Since taking office in May the Labor government has demanded “sacrifices” from workers, dropping its election slogan of “a better future.” In fact, with its state and territory Labor counterparts, it is spearheading the suppression of wages by imposing punishing sub-inflation wage caps on nurses, teachers and other public sector workers. In October, the Albanese government announced an interim pay increase of just 3 percent for Australian Public Service employees, less than half the official inflation rate.

That underscores the fraud of Labor’s claims that its just-passed industrial relations bill seeks to get wages moving. Facing brewing discontent and breakouts of strikes, the Labor leaders are relying on the trade union bureaucrats to enforce the pro-business agenda laid out in the Albanese government’s first budget on October 25, which was predicated on at least two more years of real wage cuts.

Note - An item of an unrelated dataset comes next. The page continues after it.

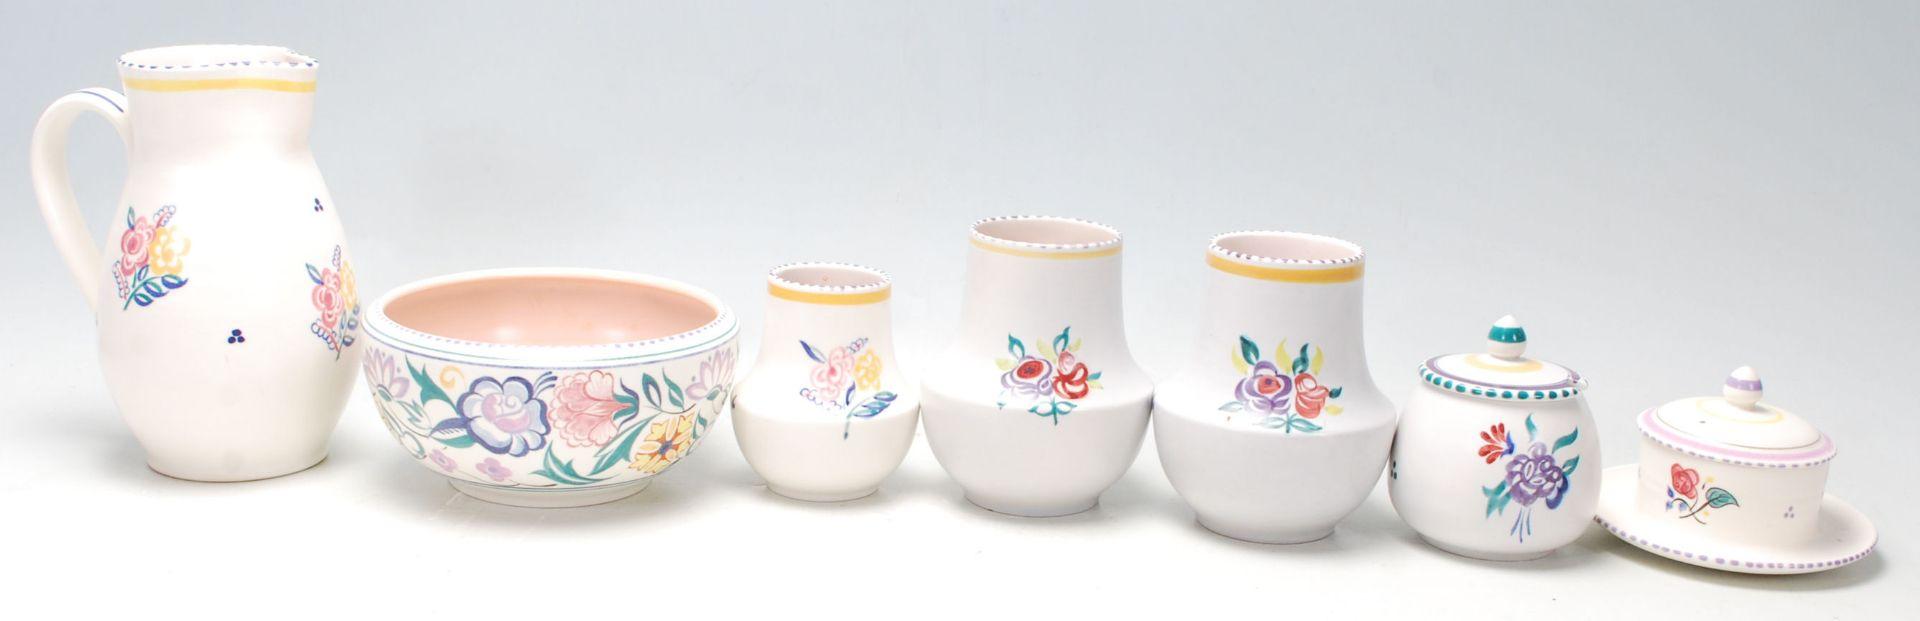 Los 22 - A group of seven vintage Poole Pottery items comprising; a jug, bowl, pair of vases, sugar bowl,

This offensive against the working class is part of an international assault by the global conglomerates, capitalist governments and central banks. The International Labor Organisation reported this week, compiling data from 28 countries, that the total wage bill decreased by an average of 6.2 percent in 2020, equivalent to the loss of three weeks’ wages for each average employee.

This underscores the need for workers to build rank-and-file committees to break out of the union straitjacket, link up with workers worldwide and advance their own demands, based on human and social need, not the dictates of the crisis-wracked private profit system.